European commission has quietly launched the next offensive in the war on cash. These unelected bureaucrats have boldly asserted their intention to crack down on paper transactions across the E.U. and solidify a trend that has been gaining momentum for years. These fascist pigs are openly following Davos summits and other Bilderberg gathering orders and, without any vote from the population, deciding the One World Currency fate of us all. A fate of fascism and the police state.
The financial uncertainty amplified by Brexit has incentivized governments throughout Europe to seize further control over their banking systems. France and Spain have already criminalized cash transactions above a certain limit, but now the commission has unilaterally established new regulations that will affect the entire union. The fear of the individual having freedom to choose their own destiny and protect their wealth, has the odorous satanic elite angry and in foul mood.
The European Action Plan doesn’t mention a specific dollar amount for restrictions, but as expected, their cover story for the black op is to thwart money laundering and the financing of terrorism. Border checks between countries have already been bolstered to help implement these new standards on hard assets. Although these end goals are plausible, there are other clear motivations for governments to target paper money that aren’t as noble.
Negative interest rates and high inflation are a deadly combination that could further destabilize the already fragile union in the future. With less physical currency circulating, these trends ensure that the impact of any additional central bank policies will be maximized. As economic conditions deteriorate, the threat of citizens pulling cash out of their accounts and starting a bank run is eliminated in a cashless system. So long as the people’s wealth is under centralized control, funds can be shifted at will to conceal any underlying problems. But the longer this shell game is allowed to persist, the more painful it will be when reality overrides the manipulation.
Since former Chief Economist at the International Monetary Fund (IMF), Kenneth Rogoff, published a paper last year advocating for the U.S. $100 bill to be removed, governments around the world have pushed forward their agendas towards a cashless society, an agenda of outright fascist slavery. He wrote:
“There is little debate among law-enforcement agencies that paper currency, especially large notes such as the U.S. $100 bill, facilitates crime: racketeering, extortion, money laundering, drug and human trafficking, the corruption of public officials, not to mention terrorism. There are substitutes for cash—crypto currencies, uncut diamonds, gold coins, prepaid cards—but for many kinds of criminal transactions, cash is still king. It delivers absolute anonymity, portability, liquidity and near-universal acceptance.”
This announcement comes just months after the 500 euro note was discontinued, and it follows India’s lead in subverting the financial independence of their citizens. The incremental steps currently being taken may look trivial in isolation, but the ultimate end is to lay the foundation for an entire network for economic repression.
The German people have placed themselves in strong opposition to the action and previously pushed back hard against domestic legislation that would have limited cash.

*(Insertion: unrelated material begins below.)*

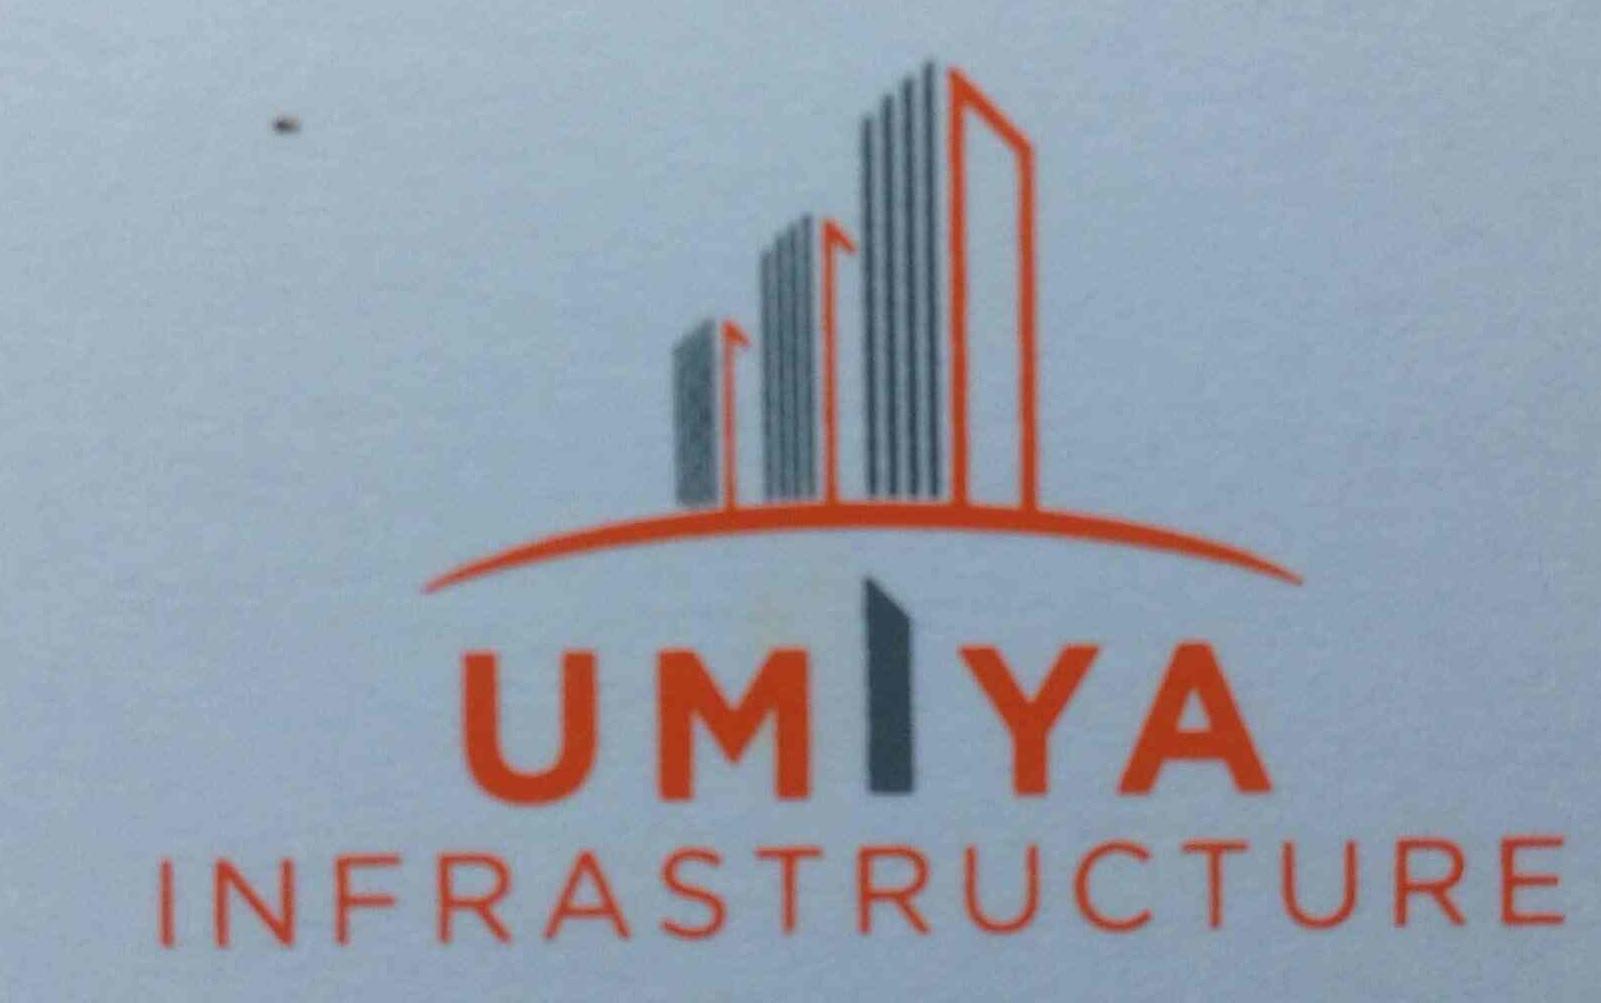 Umiya Infrastructure

Nearly 80% of all transactions in Germany are made with paper currency, putting Europe’s economic engine in direct conflict with the vision coming out of Brussels.
The spillover effect has affected new forms of investment, like Bitcoin, which witnessed an astronomical rise over the last months and has been brought back into the discussion as a viable alternative to fiat currencies. Of course, the E.U. Commission is also attempting to impose similar limitations on crypto-currencies to make sure no transactions fall outside of their domain. The ECB and BOJ are working towards a trojan horse blockchain network that will serve only to entrap those naive enough to trust it. In short, governments are revealing their use of bitcoin as a money trap to be sprung on investors, as history of that shows in the last few years of missing billions when servers go down for good.
Former Treasury Secretary Larry Summers wrote last year that the E.U. would likely be the trailblazer of the West towards this new digital model:
“But a moratorium on printing new high denomination notes would make the world a better place. In terms of unilateral steps, the most important actor by far is the European Union. The €500 is almost six times as valuable as the $100. Some actors in Europe, notably the European Commission, have shown sympathy for the idea and European Central Bank chief Mario Draghi has shown interest as well.”
Since the public’s attention has been drawn to emotional manipulations and political stunts, the threat the war on cash represents has gone unrecognized. This is easy to do, because they have been conditioned to focus on the trivial instead of the substantive. Instead of feeding energy into systems meant to divide and conquer, individuals must educate themselves to secure their own financial futures. By submitting to the hive mind and following the media down whichever rabbit hole they choose, the most important issues of today will go unnoticed. The value of advocating for decentralized and physical alternatives to the banking system may not be easily grasped by the activists of today, but few other things have the potential to erode freedom on such a massive scale.
Let’s face it. With ALL newspapers and media under satanic control of the covens, there few voices out there warning and sounding the alarm. Americans have proved themselves spineless wankers caring about causes that, are in fact, openly retarded, when the real menace to their lives is given free reign and NO OPPOSITION. The churches are silent too, long taken over by satanists, it pastors often more gay than any flaming queen from West Hollywood.